The jury reasonably could have found the following facts. The defendant owned a thirty-three foot Hydra-Sport motor boat named Impatient. On July 8,1989, the plaintiff, the defendant and Emanuel DiMauro were on board the Impatient in the Long Island Sound. Their destination was a fishing location south of Montauk, New York.

En route to their destination, the boat approached an area known as the “Montauk rips.” This is an area of water off of Montauk Point where the waters of the Atlantic Ocean and Block Island Sound converge. This results in a choppy, turbulent area of water. Both the *279plaintiff and the defendant had been through this turbulent area on numerous occasions. While they were navigating Long Island Sound, the plaintiff was asleep in the cabin below the deck. Neither the defendant nor DiMauro warned the plaintiff that the boat was approaching the Montauk rips. As the Impatient proceeded through the rips, there “was a little bit of a chop” in the water. The plaintiff was bounced around in the cabin and was injured when an unsecured television fell off a shelf and struck her on her back.

The following procedural history is relevant to our resolution of this appeal. The defendant moved for a directed verdict at the close of the plaintiffs case, arguing that the plaintiff failed to prove a number of allegations in her complaint. The trial court directed a verdict in favor of the defendant on all of the specifications of negligence in the complaint except two: (1) whether the defendant negligently failed to secure the television set; and (2) whether the defendant negligently failed to warn the plaintiff that the television set was unsecured. The jury returned a verdict in favor of the defendant, and this appeal followed.

I

The plaintiff first claims that the trial court improperly sustained the defendant’s objection to her expert’s opinion testimony regarding the defendant’s failure to warn her that she was being exposed to a dangerous situation and the reasonableness of the defendant’s operation of the boat. We disagree.

Prior to trial, the plaintiff disclosed that “James Dias of Marine Surveyors will render an opinion and testify as to the operation of a boat with an unsecured appliance, that it is dangerous to do so.” At trial, in addition to questioning Dias in conformance with her § 220 (D) disclosure, the plaintiff sought to question him as to whether the defendant’s operation of the boat was *280unreasonable in general, whether he exercised proper control over the boat and whether he had a duty to warn her that they were approaching the Montauk rips. The defendant objected to this line of inquiry, arguing that it went beyond the scope of the plaintiffs disclosure.

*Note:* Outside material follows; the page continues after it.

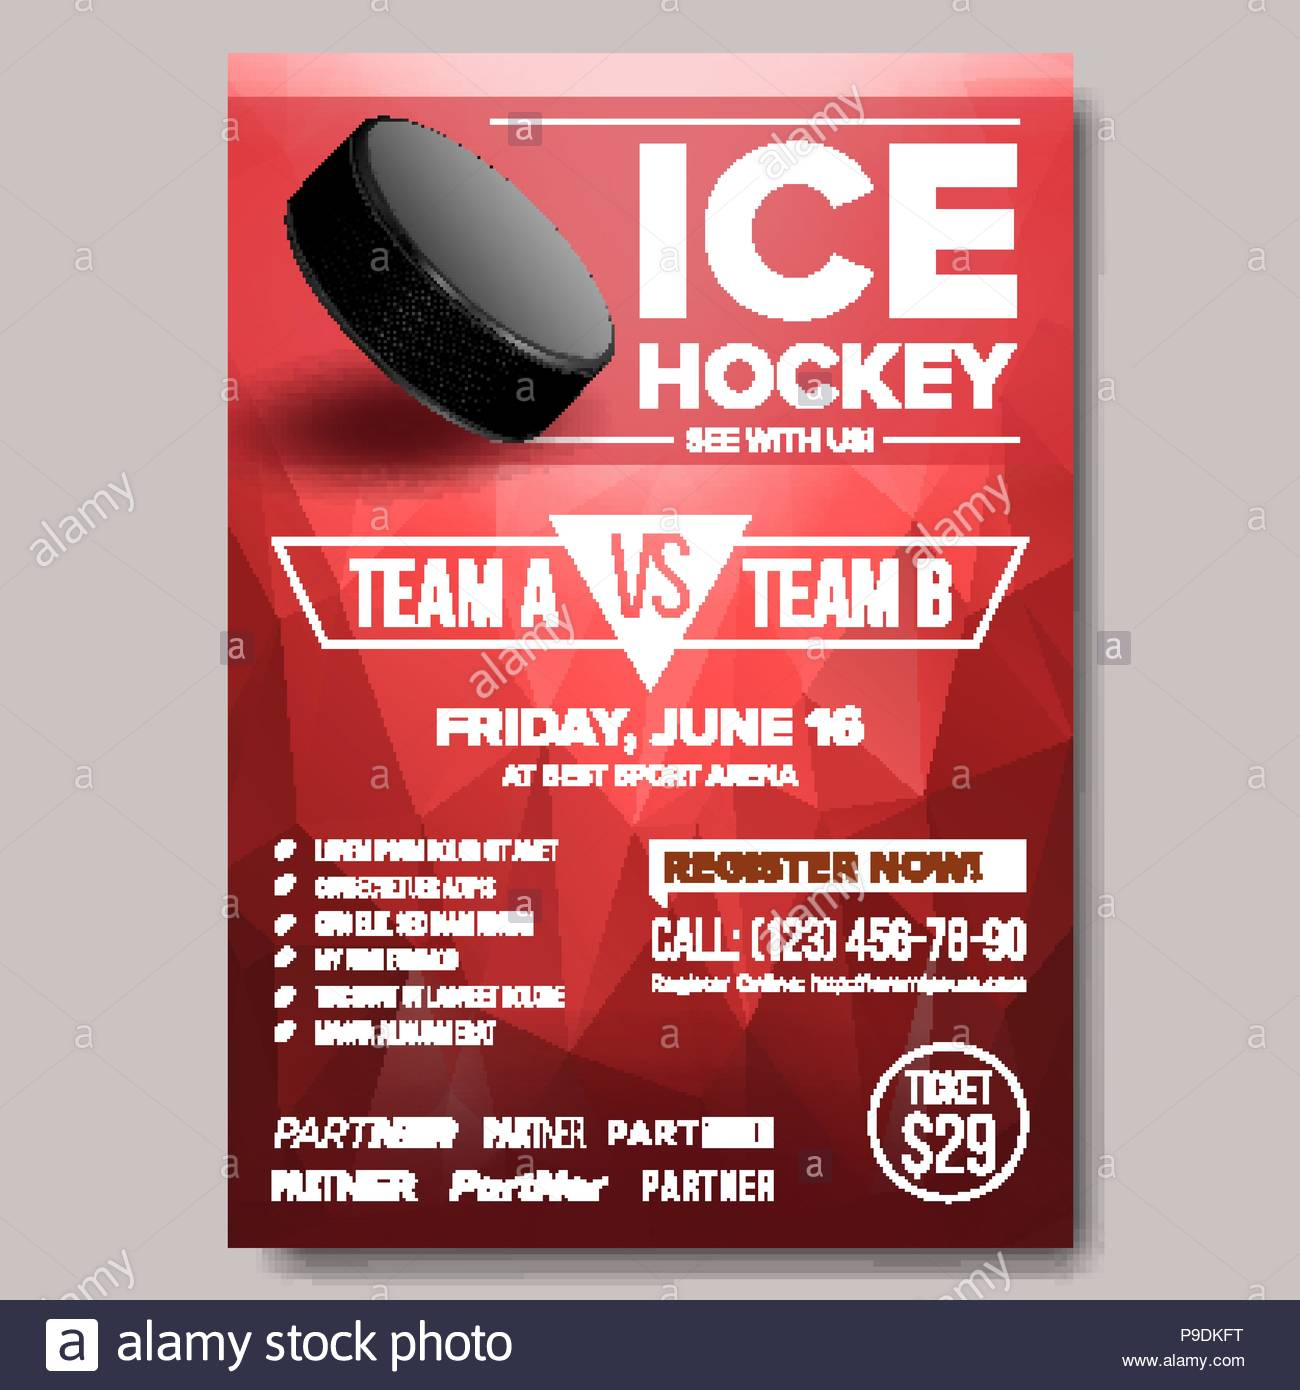 Ice Hockey Poster Vector. Ice Hockey Puck. Vertical Design Pertaining To Hockey Flyer Template

Practice Book § 220 (D) provides that “any plaintiff expecting to call an expert witness at trial shall disclose the name of that expert, the subject matter on which the expert is expected to testify, the substance of the facts and opinions to which the expert is expected to testify, and a summary of the grounds for each opinion, to all other parties within a reasonable time prior to trial. ... If disclosure of the name of any expert expected to testify at trial is not made in accordance with this subsection . . . such expert shall not testify if, upon motion to preclude such testimony, the court determines that the late disclosure (i) will cause undue prejudice to the moving party; or (ii) will cause undue interference with the orderly progress of trial in the case; or (iii) involved bad faith delay of disclosure by the disclosing party. . . .”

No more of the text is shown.